What doesn’t matter

Things not to care about:

Many Muslims consider it offensive to depict the Prophet Mohammed in any circumstances – even if those depictions are not intended to be mocking.

I don’t care. I just really don’t care, in any way. You might as well say many hoopoops consider it offensive to depict hurpurps in any circumstances. It’s not my problem. Now if you were offering a chain of reasoning to explain why Xs consider Y offensive, with some real-world harm at the end of it, I might care, but just the stand-alone finding offensive is a big fat nothing. Or it’s worse than a nothing, because it becomes a pretext to punish and threaten and kill people, for an utterly stupid worthless me me me reason.

Religious people can have their rules about what’s “offensive” within their own community of believers, within reason (they can’t murder each other over it), but those “rules” are meaningless to people outside the community of believers, and we don’t care about them. We don’t care. They don’t matter. They’re not important. The “offense” is factitious – it’s only there as a pretext for flying into a rage. It’s a way to make the religion seem important and scary. It’s all dreck and it’s long past time for people to grow up about this nonsense.

People gathered in protest outside Batley Grammar School, in Batley, near Bradford, West Yorkshire, this week after a teacher showed students a cartoon of the Prophet, widely reported as taken from the French satirical newspaper Charlie Hebdo.

Commenting on the matter, Communities Secretary Robert Jenrick said children should be taught “contentious issues appropriately”, adding: “It must be right that a teacher can appropriately show images of the Prophet Mohammed.”

However, Dr Alyaa Ebbiary, a researcher in Islamic studies at the SOAS University of London, believes the Muslim community at large would disagree with Mr Jenrick’s comments.

I don’t care.
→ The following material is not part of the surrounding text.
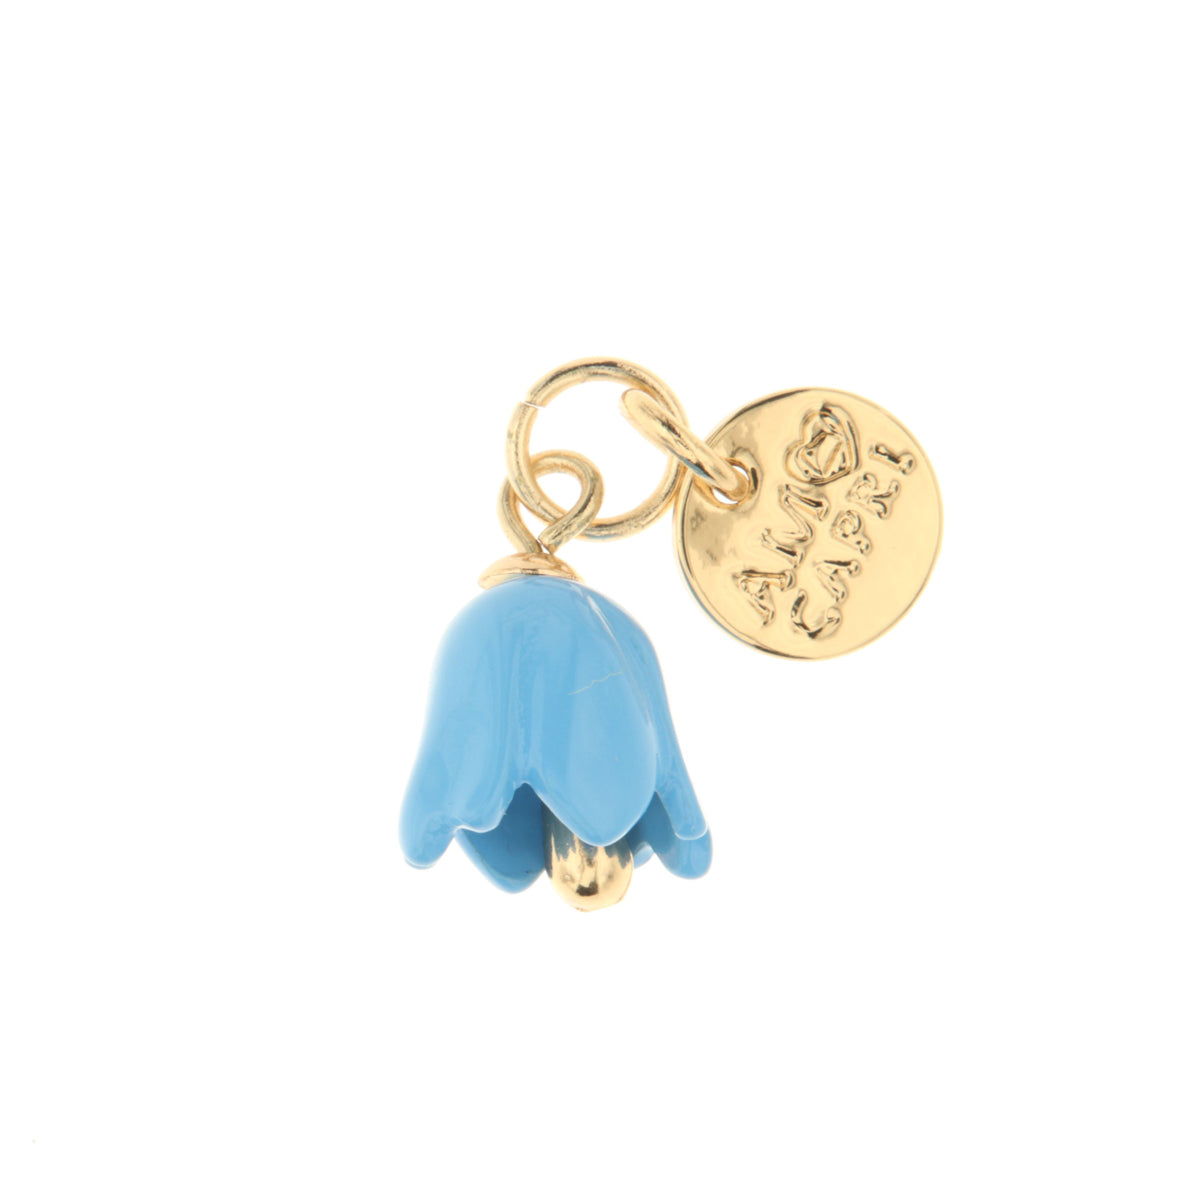 Metal pendant in the shape of a blue bell -shaped embellished with colored glazes

It doesn’t matter. “The Muslim community” can disagree all it likes, but it doesn’t get to impose its taboos and fears and rules on everyone.

Dr Ebbiary said: “There is a lot in Islamic legal and theological texts prohibiting image-making, in general and in relation to the sacred more specifically.”

I don’t care. It doesn’t matter. Islamic legal and theological texts don’t apply to everyone else, and everyone else is not obliged to pay attention to them or respect them. If you’re putting together a model from instructions, that doesn’t mean I have to follow the instructions too.

It doesn’t matter. We don’t have to care. You can’t make us care.